If that's what those constraints mean, it does seem like a reasonable ask of other backends, at least at first glance.

(I'd really like to hear more from potential backend implementers on how feasible all these various ideas are)

3 Likes

Well, you've got a problem there, because that's a complete list of everything LLVM will let you mark as a clobber! I suspect LLVM treats inline assembly as a flag fence, for anything not expressible as a register (x86 is weird in that you can write asm!("":::"rflags"), for example).

I doubt Rust needs to be informed of any other machine state than memory and registers; for example, I doubt LLVM, or any other reasonable backend, has any knowledge of CSRs in RISC-V.

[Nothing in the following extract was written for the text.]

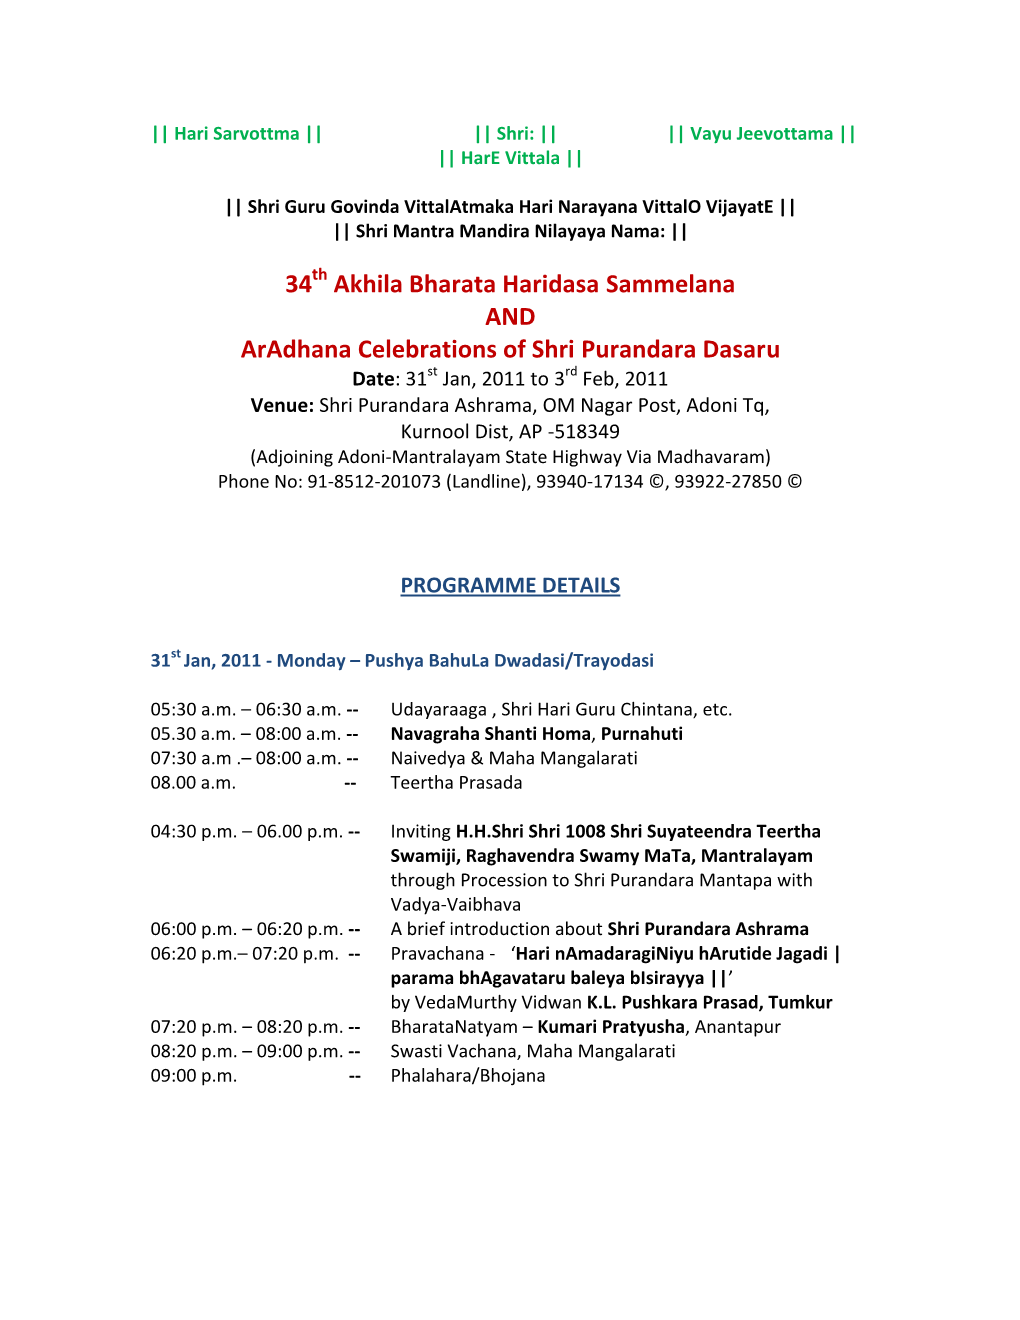 34Th Akhila Bharata Haridasa Sammelana and Aradhana Celebrations of Shri Purandara Dasaru
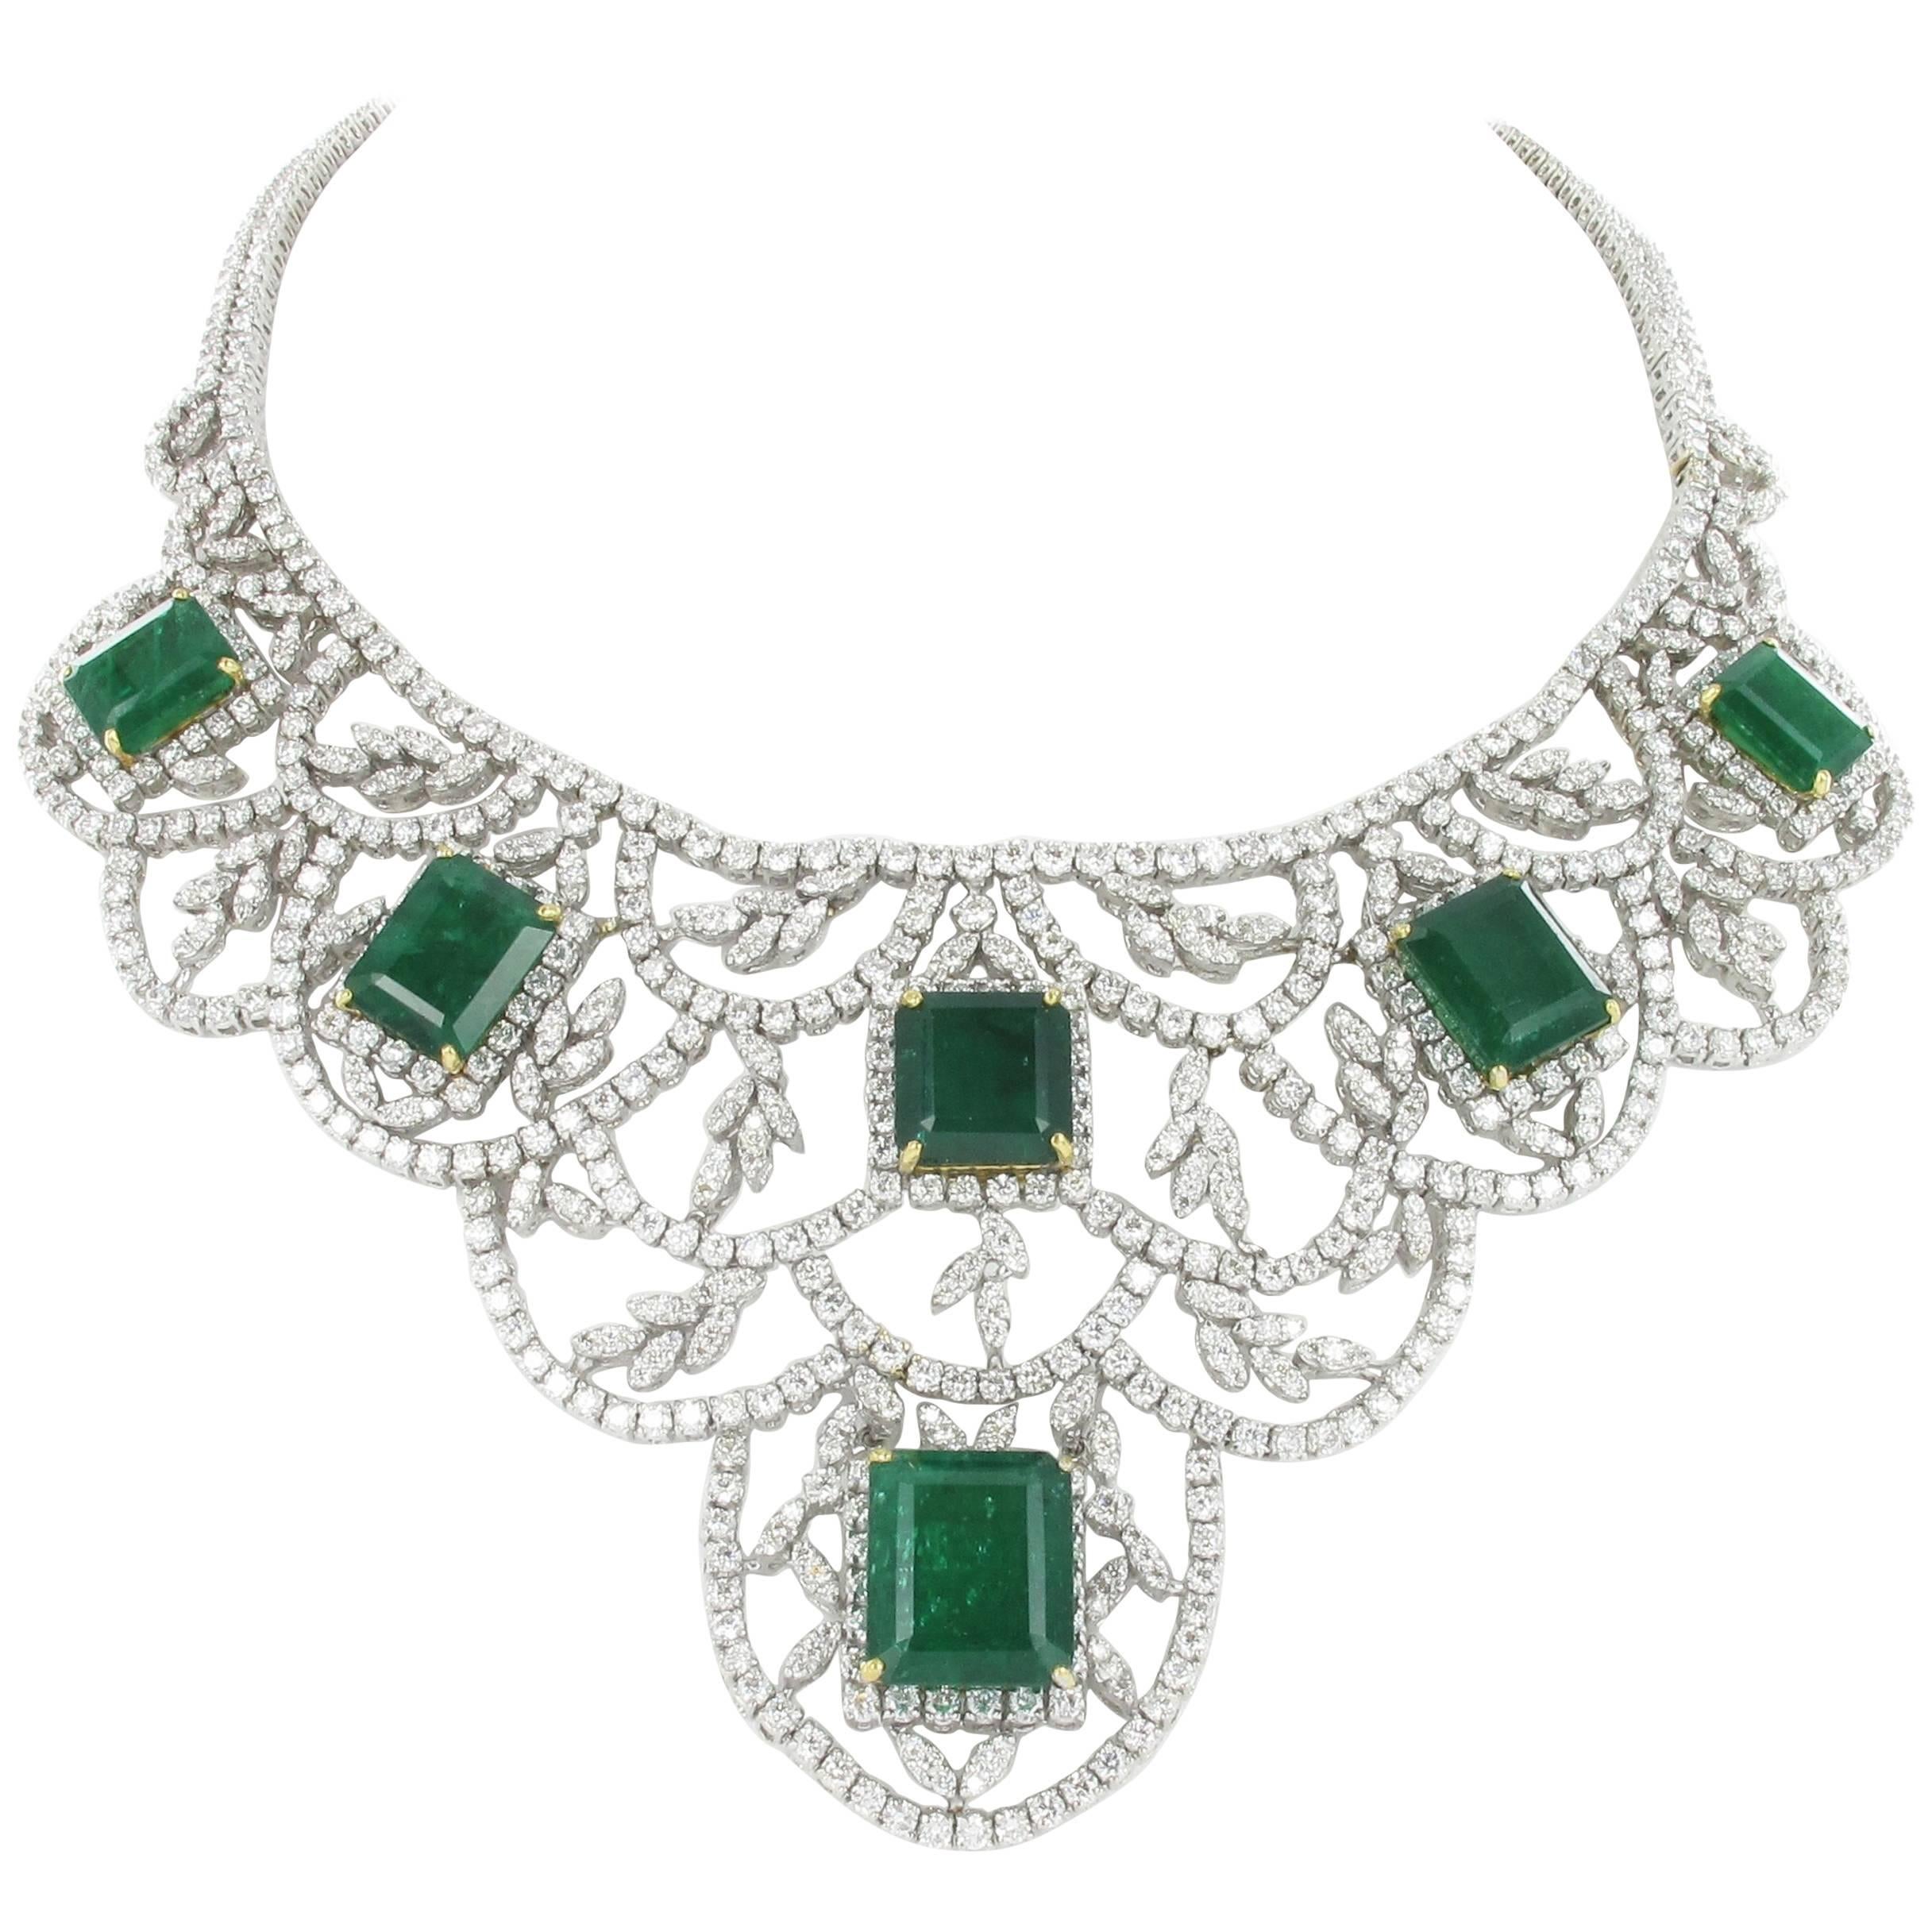 Impressive Emerald and Diamond Parure in White Gold

You're basically correct. I specified =&r because, semantically, that's how we humans use the Clang =r constraint; Clang is often smart enough to use the more constrained =r LLVM constraint. =*m means that you're passing a pointer to the asm block, and that the assembly is going to read or write from that pointer. Consider (I don't write a lot of IR, so I might have this slightly wrong):

; This is a made up assembly language with Intel syntax.
%1 = call i32 asm "load_word $0, $1", "=r,=*m" (%my_ptr)

"r" is useful for when you need to get values into the assembly but don't care what register it is; compare with doing a manual callq, where you might want to ask the compiler to set up the calling convention in a way that is friendly to the register allocator. Of course, there's other register categories; FPU and SIMD registers are the most well-known, and what they mean tends to be really platform dependent. There's also the problem that "register" is a pretty flimsy concept: x86 famously has the %al < %ax < %eax < %rax and %xmm0 < %ymm0 < %zmm0 hierarchies, so that when I write

asm!("movb $0, $1" : "=r(a)" : "r(b)");

the assembler has to figure out which width of %rax to use with each register (in this case, %al).

~{memory} simply means that any speculative reads LLVM has made are invalid, and all writes must be flushed before the assembly executes. The only place I've ever used it (and where you always see it) is when implementing libc::syscall() or similar: syscalls don't actually clobber registers, except for the ones used in the syscall ABI.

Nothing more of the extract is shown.